[Requirement]:
One exact copy of the listing is needed. It should contain no pictures.

[Data excerpt]:
--- START ---
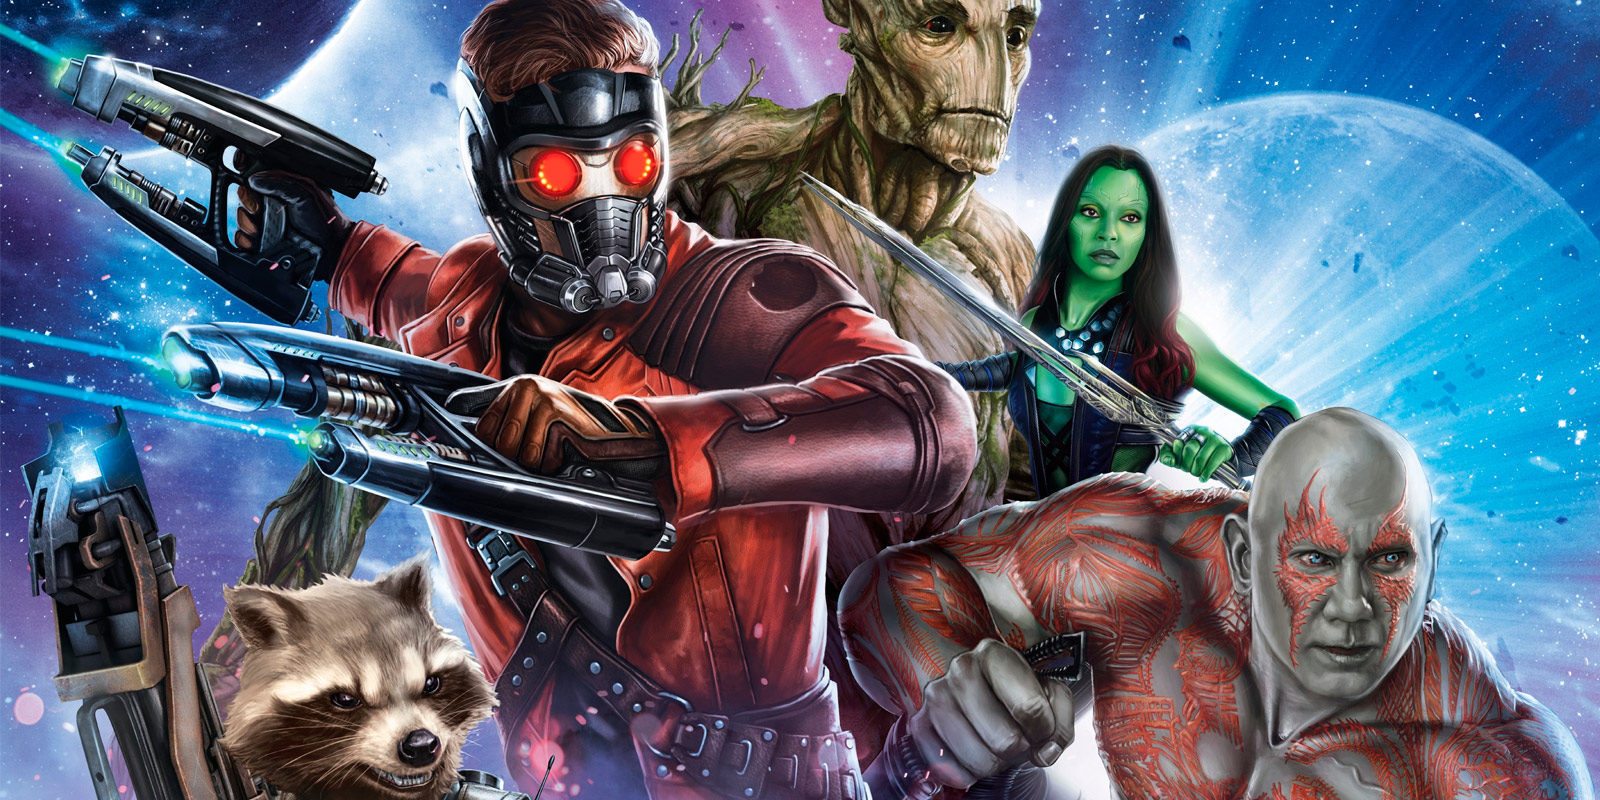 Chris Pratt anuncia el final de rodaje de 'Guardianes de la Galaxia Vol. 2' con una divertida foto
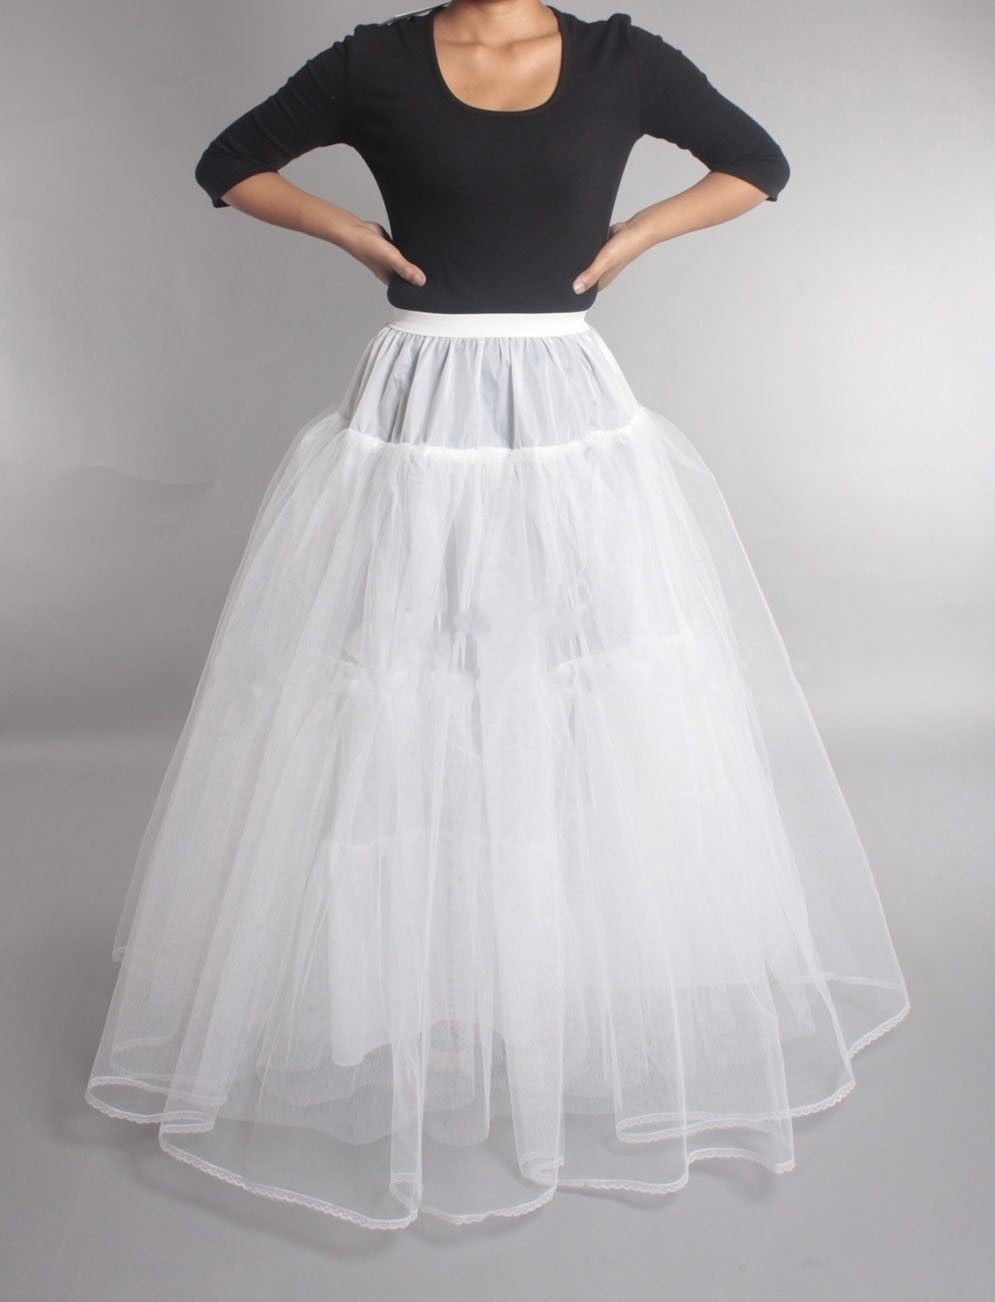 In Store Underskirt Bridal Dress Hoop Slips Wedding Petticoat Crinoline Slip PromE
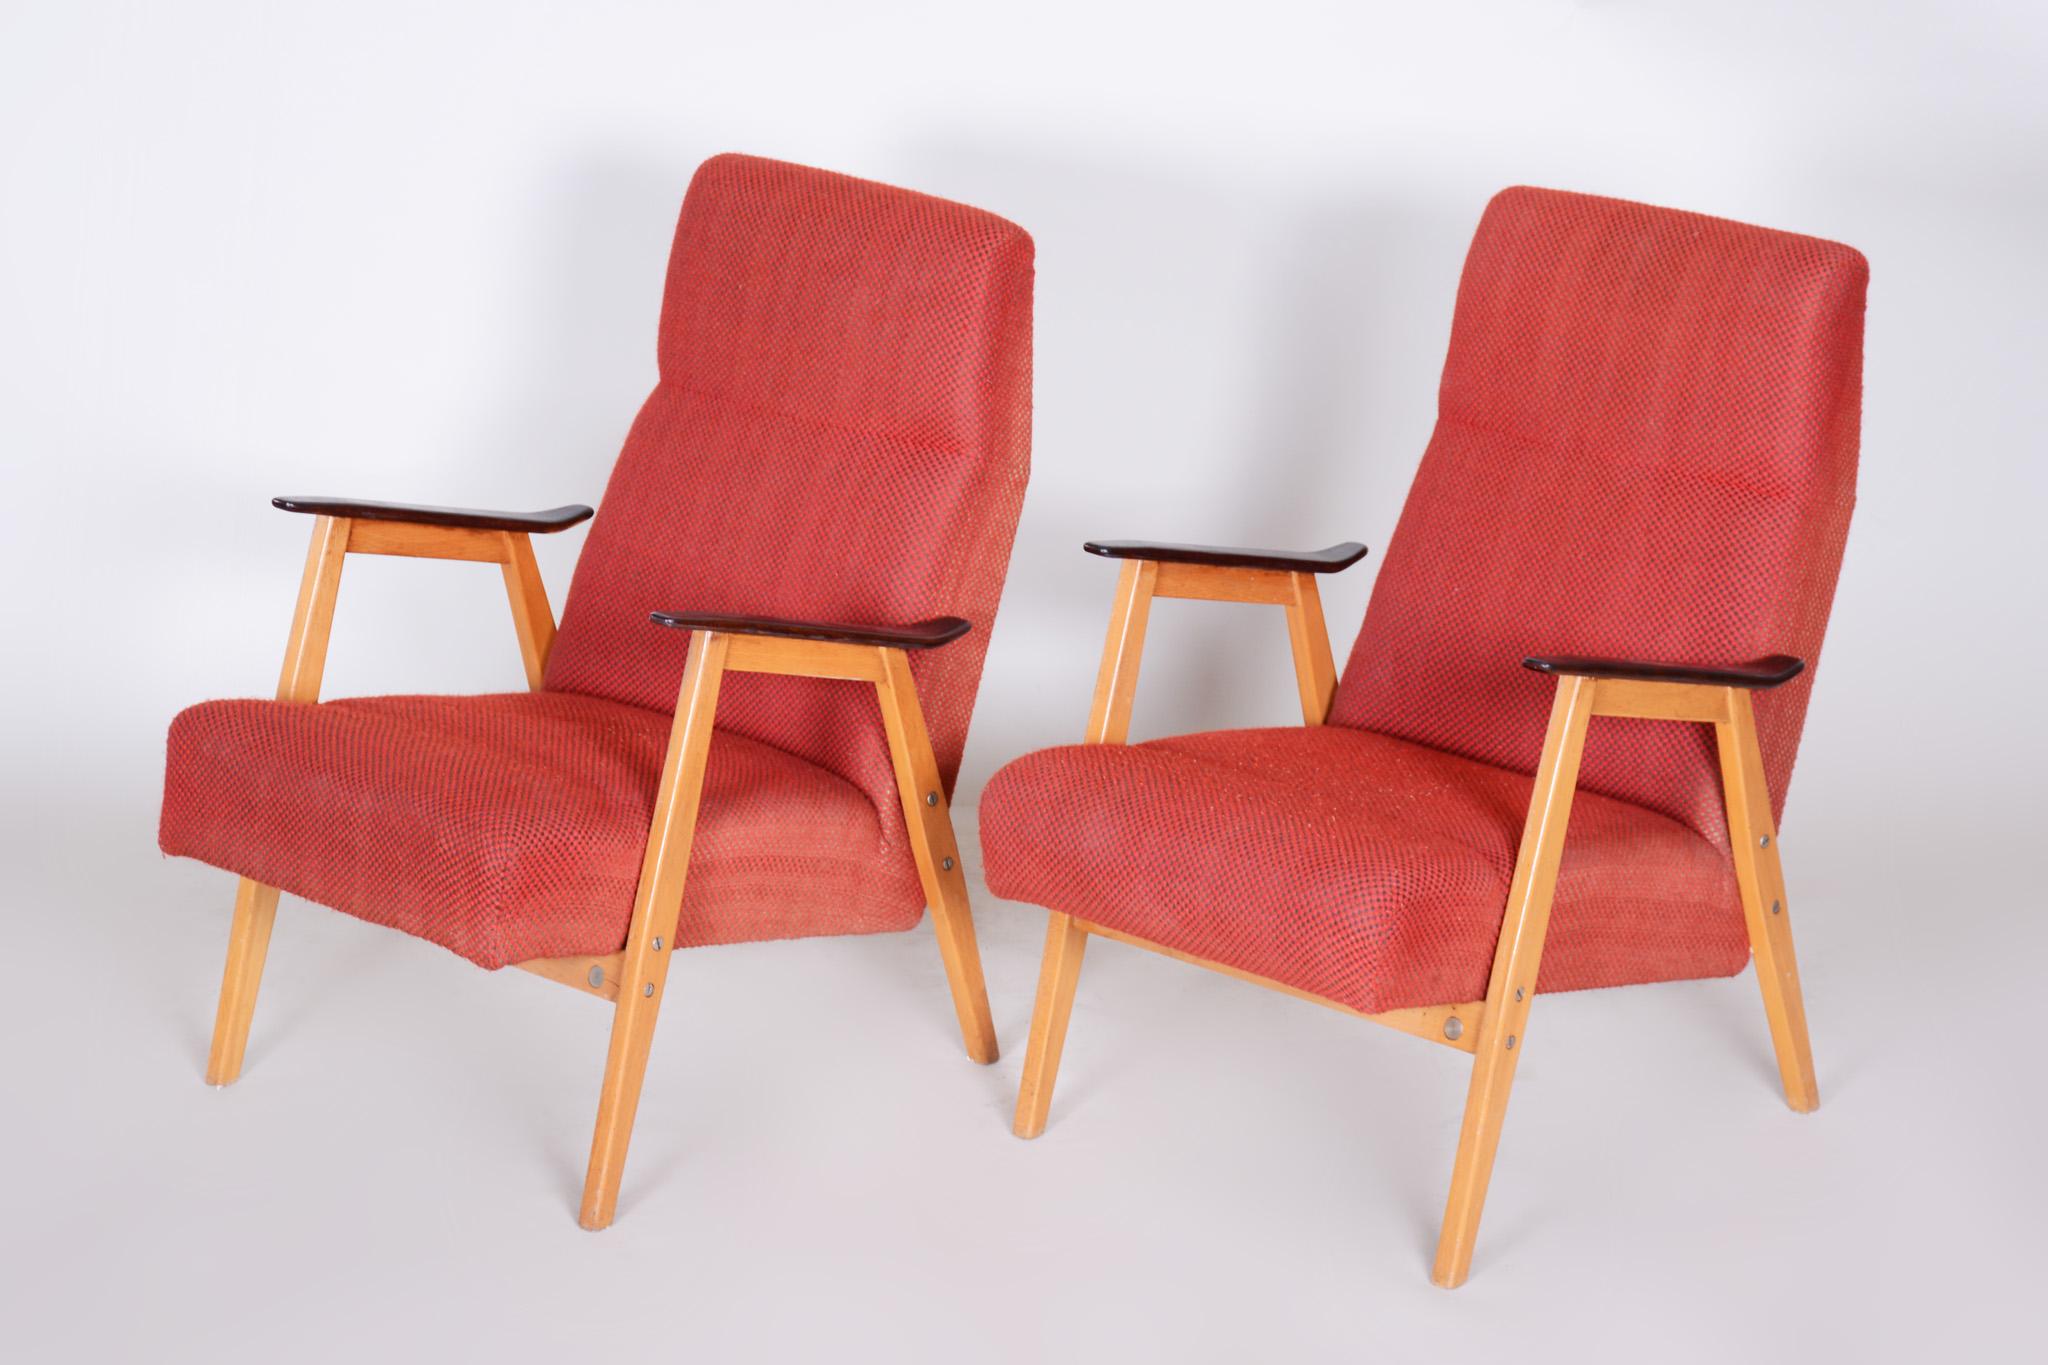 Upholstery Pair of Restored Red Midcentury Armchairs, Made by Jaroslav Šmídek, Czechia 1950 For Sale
--- END ---
[Completed task]:
 Chris Pratt anuncia el final de rodaje de 'Guardianes de la Galaxia Vol. 2' con una divertida foto
 In Store Underskirt Bridal Dress Hoop Slips Wedding Petticoat Crinoline Slip PromE
 Upholstery Pair of Restored Red Midcentury Armchairs, Made by Jaroslav Šmídek, Czechia 1950 For Sale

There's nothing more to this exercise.